** Opening The data block **

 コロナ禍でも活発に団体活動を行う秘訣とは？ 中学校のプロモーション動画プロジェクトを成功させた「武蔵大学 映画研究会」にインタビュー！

** Closing The data block **
** Opening The data block **

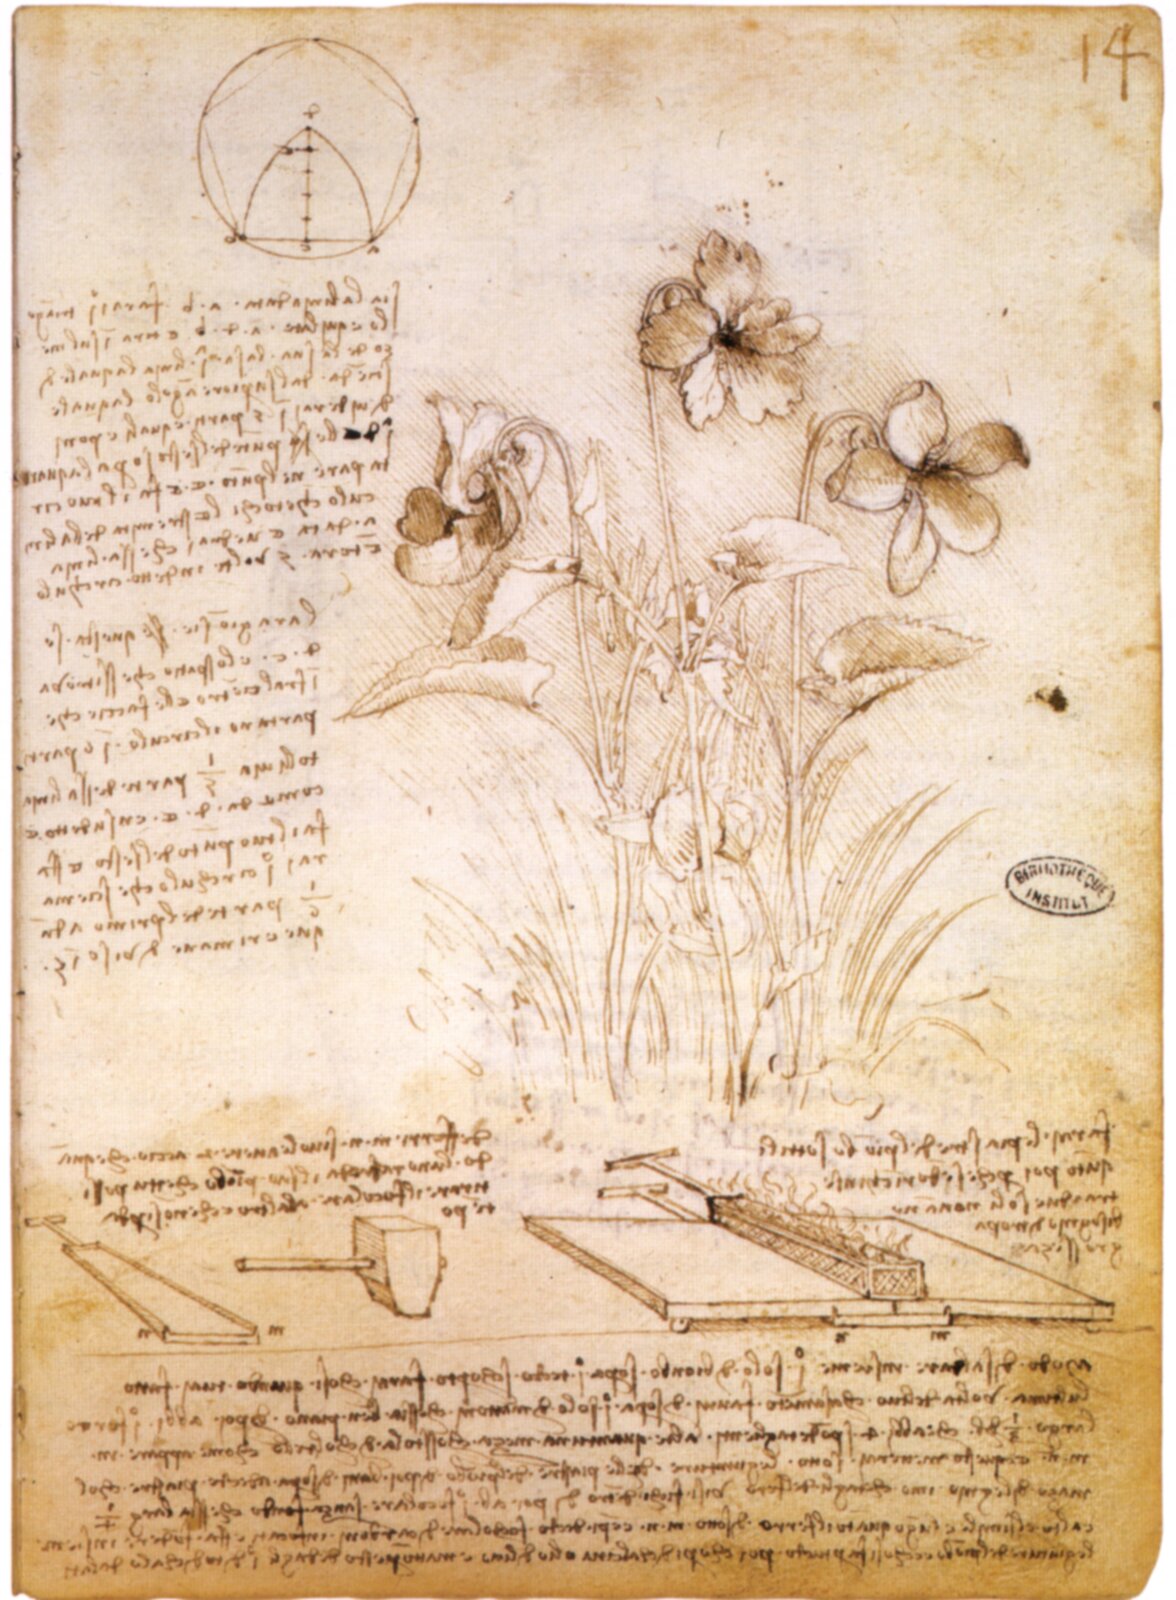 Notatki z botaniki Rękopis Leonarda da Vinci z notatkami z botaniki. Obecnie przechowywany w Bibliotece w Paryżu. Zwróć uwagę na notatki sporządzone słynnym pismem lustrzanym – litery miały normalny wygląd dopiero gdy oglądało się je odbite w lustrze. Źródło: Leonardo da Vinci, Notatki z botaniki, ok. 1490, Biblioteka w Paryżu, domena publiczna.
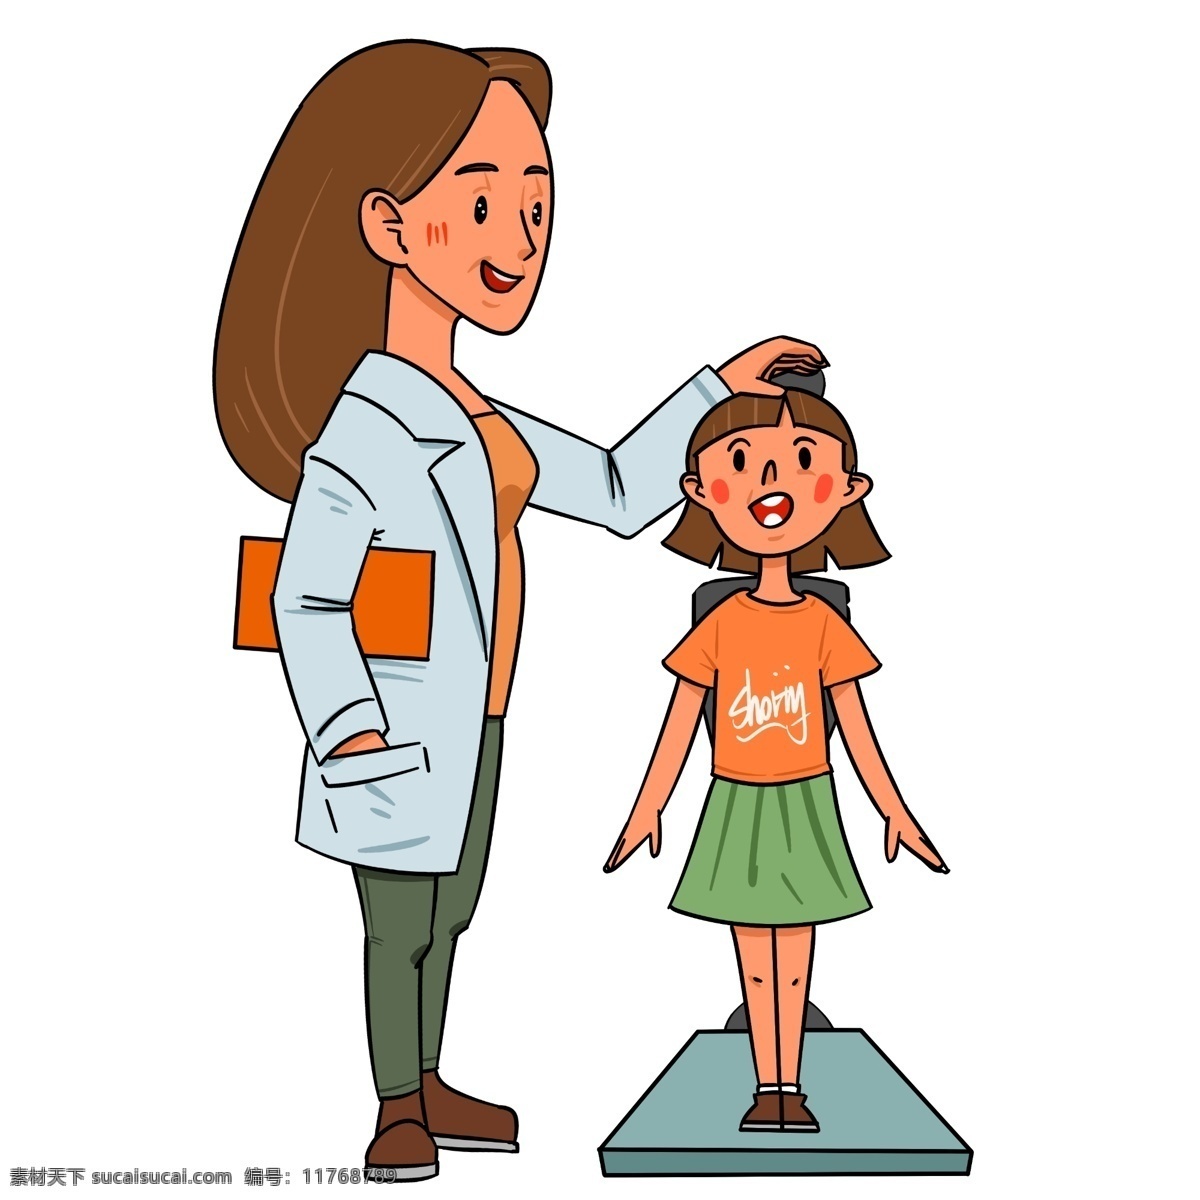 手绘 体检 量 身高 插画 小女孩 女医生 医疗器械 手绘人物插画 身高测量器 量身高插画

** Closing The data block **

**Task statement**
Nothing except the lines from the one containing "Notatki z botaniki Rękopis Leonarda" through the one containing "手绘 体检 量 身高 插画" should appear in the answer, exactly as above and without pictures.

**Response to this exercise**
 Notatki z botaniki Rękopis Leonarda da Vinci z notatkami z botaniki. Obecnie przechowywany w Bibliotece w Paryżu. Zwróć uwagę na notatki sporządzone słynnym pismem lustrzanym – litery miały normalny wygląd dopiero gdy oglądało się je odbite w lustrze. Źródło: Leonardo da Vinci, Notatki z botaniki, ok. 1490, Biblioteka w Paryżu, domena publiczna.
 手绘 体检 量 身高 插画 小女孩 女医生 医疗器械 手绘人物插画 身高测量器 量身高插画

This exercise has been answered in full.